The organism details and genetic code columns are optional. The organism details is relevant if you want to use taxa specific databases to annotate your sample; here you can use the taxa name, NCBI or GTBTK IDs or GTBK lineages (e.g., d__Archaea;p__Halobacteriota;c__Methanosarcinia;o__Methanosarcinales;f__Methanosarcinaceae;g__Methanolobus;s__Methanolobus psychrophilus
).
The genetic code is only used if you are translating gene calls. By default, the genetic code 11 is used.
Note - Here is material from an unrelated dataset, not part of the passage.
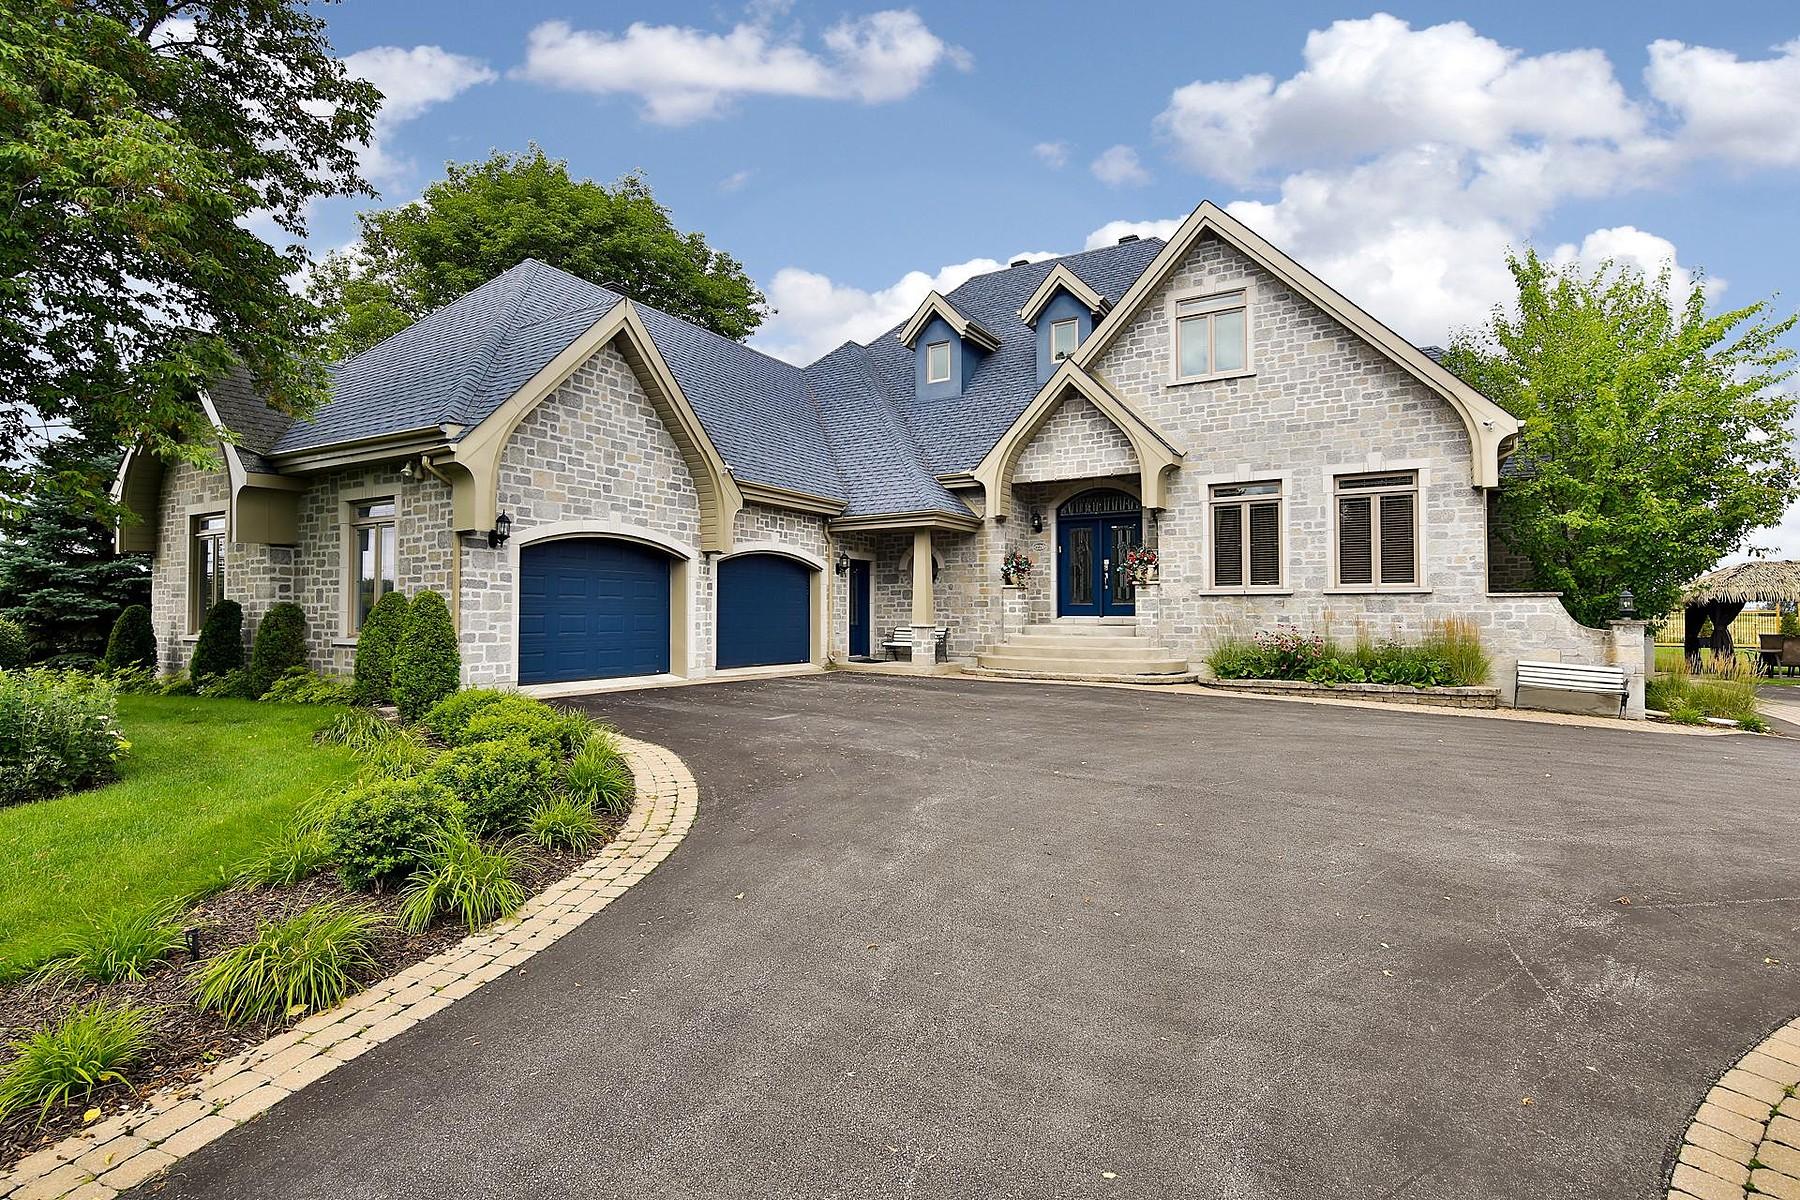 Частный односемейный дом для того Продажа на L'Assomption, Lanaudière 221 Rg Point-du-Jour N. L'Assomption, Квебек J5W1H3 Канада

Mantis also accepts directory paths or compressed files (.gz
,.zip
,.tar.gz
). Samples will be uncompressed and deleted after execution. Keep in mind that with this method it's not possible to input the taxonomical classification of each sample; for taxa-resolved annotations use the previous input methods.
Mantis scales well with Metagenomes, since it automatically splits fasta files into evenly sized chunks, ensuring parallelization without the potential idle time you'd get due to iterating over sample sequences or the differently sized HMM profiles references.
Mantis supports the use of HMMs using HMMER and BLAST-like homology search using Diamond.